_TASK OBJECTIVE_.
Each line from the one with "červené šaty univerzálna" through the last line of the material is to be printed exactly; no other line and no picture belongs in the copy.

=== DATA SEGMENT ===

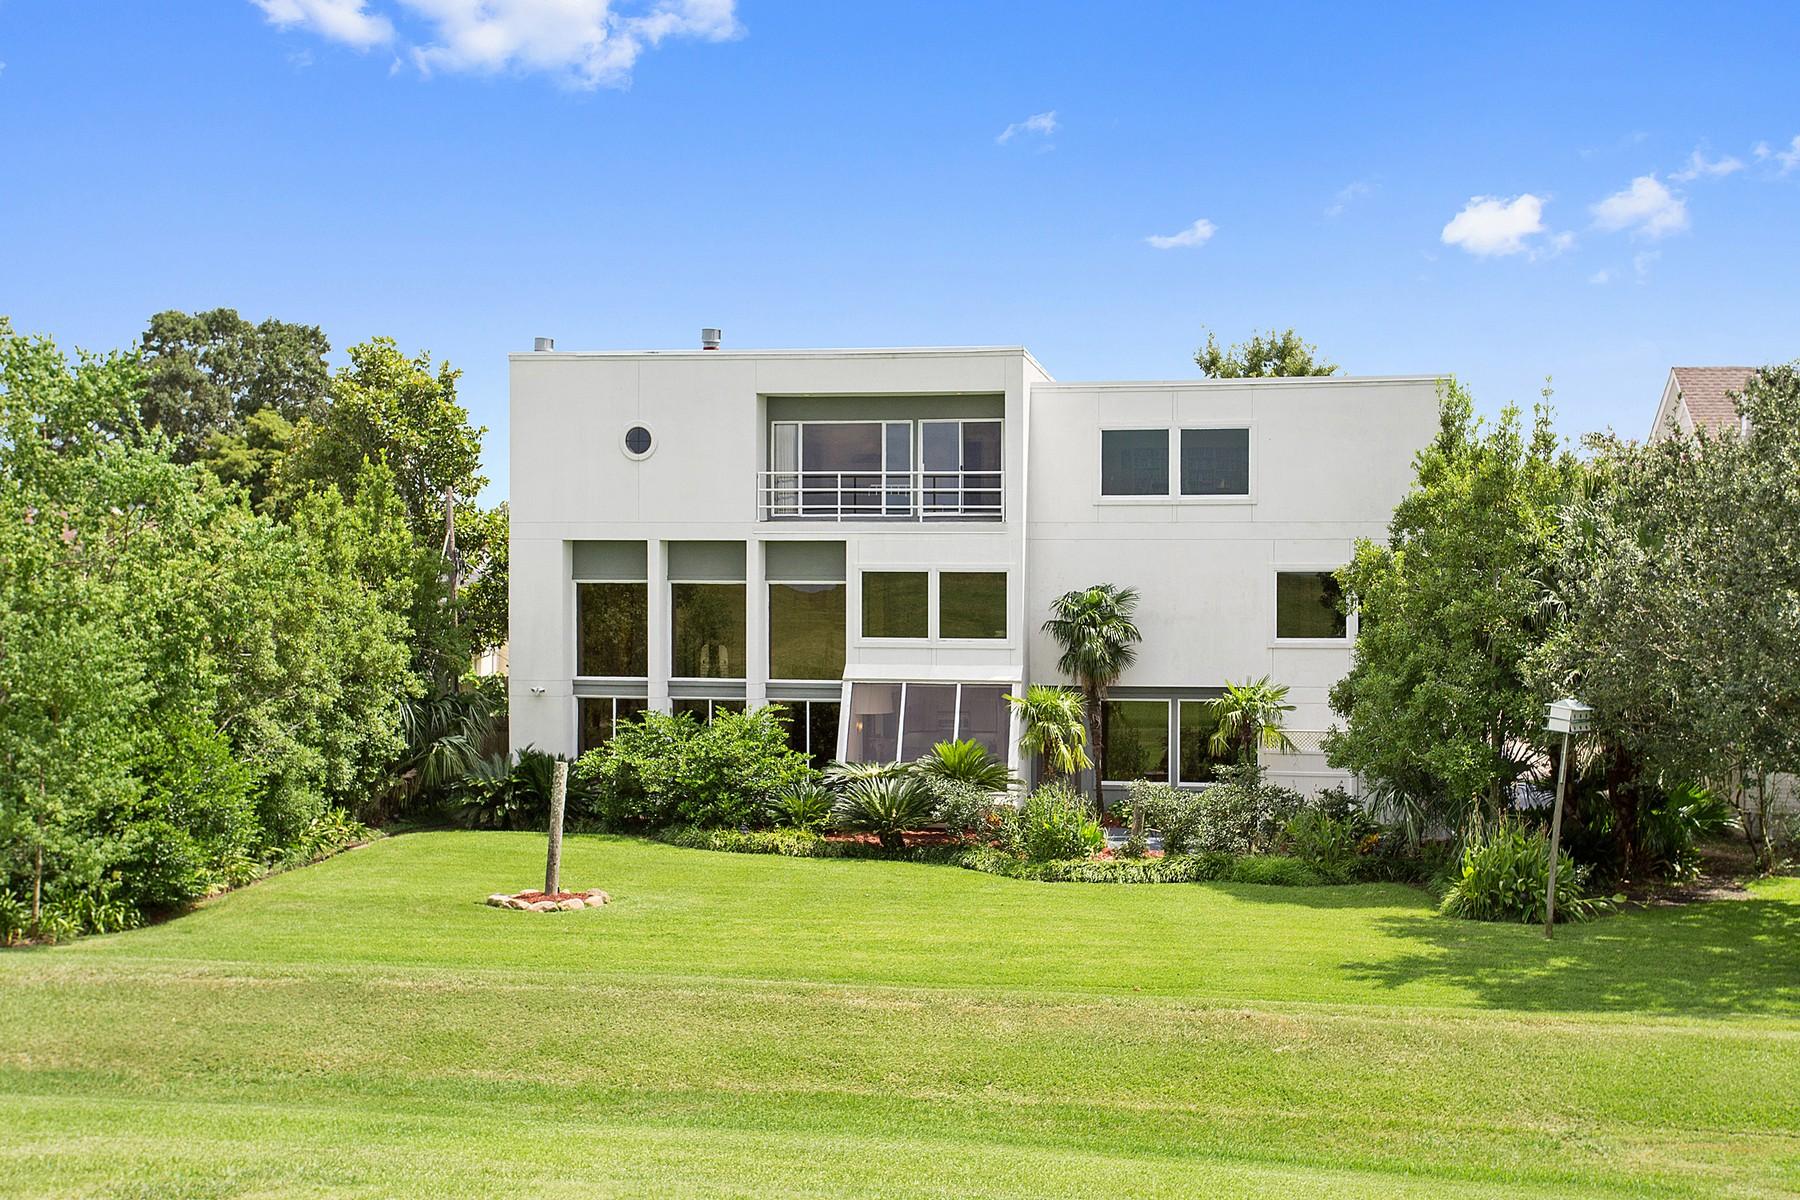 Частный односемейный дом для того Продажа на 4809 Neyrey Dr Metairie, Луизиана, 70002 Соединенные Штаты
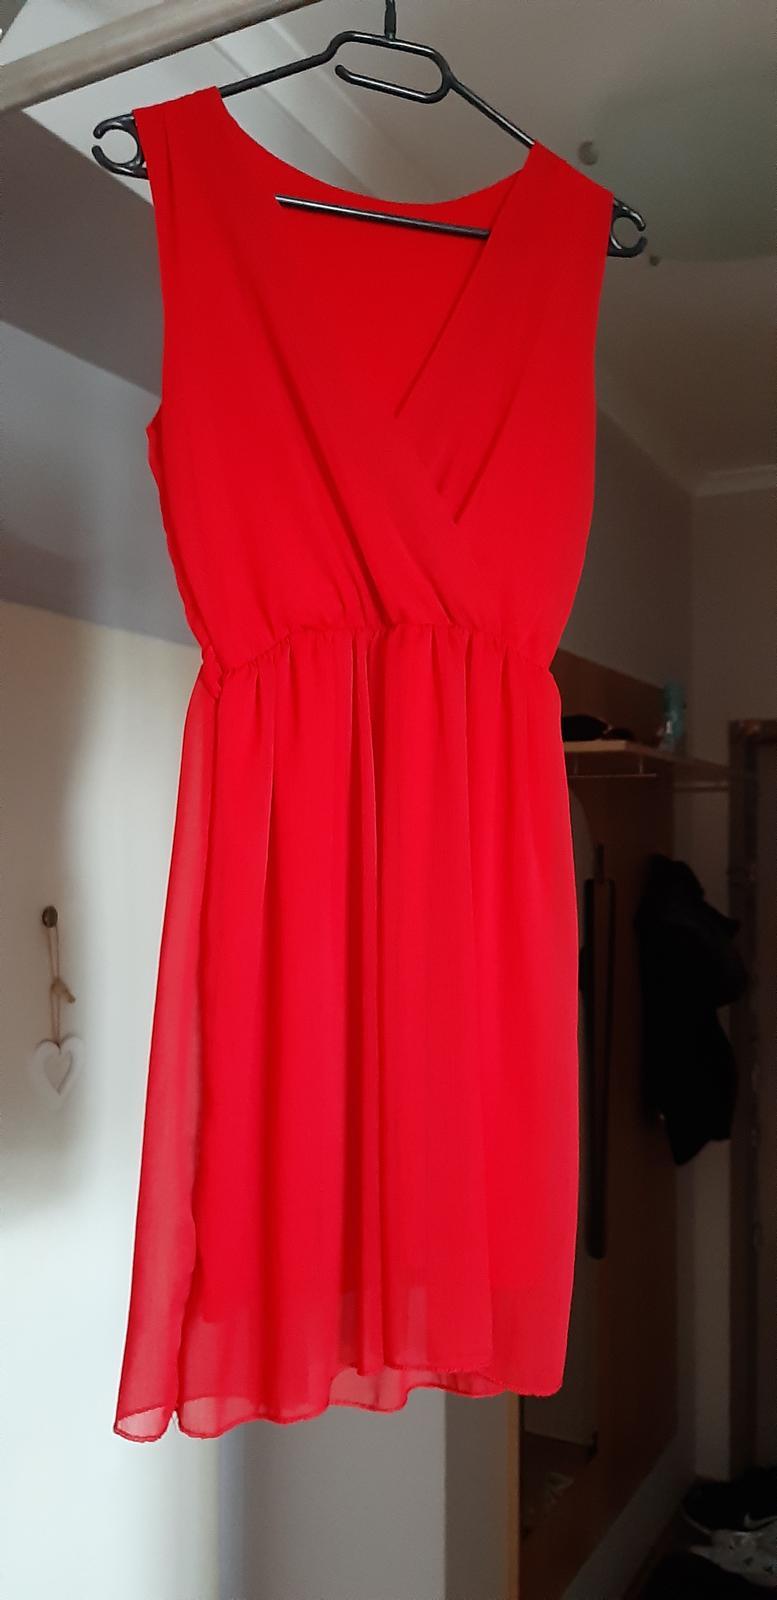 červené šaty univerzálna veľkosť - Obrázok č. 1
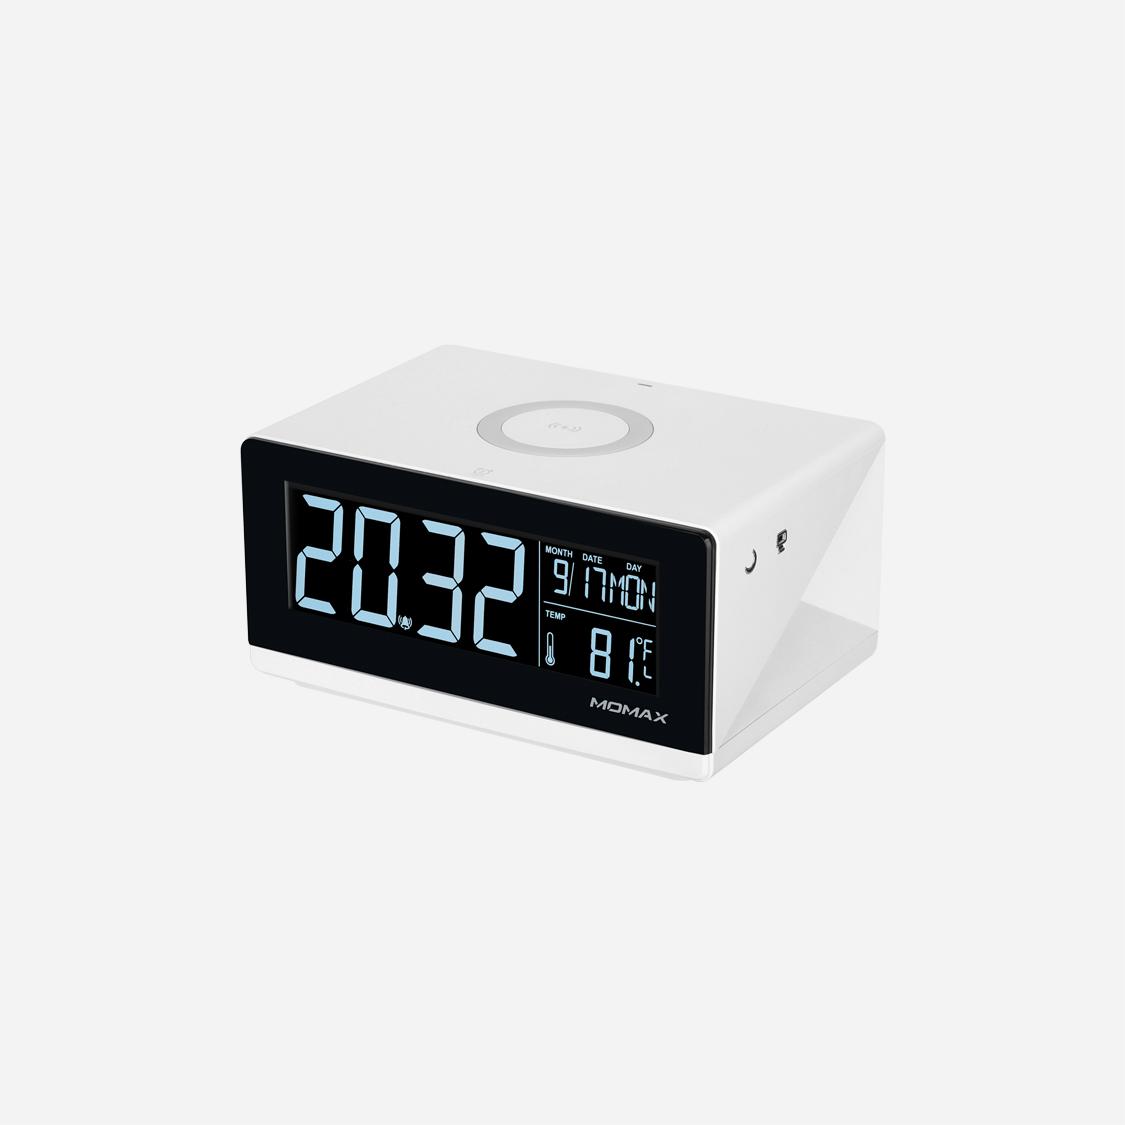 Đồng hồ thông minh kiêm sạc nhanh không dây 10W Momax - Hàng chính hãng

===

_OUTPUT OF THE TASK_.
 červené šaty univerzálna veľkosť - Obrázok č. 1
 Đồng hồ thông minh kiêm sạc nhanh không dây 10W Momax - Hàng chính hãng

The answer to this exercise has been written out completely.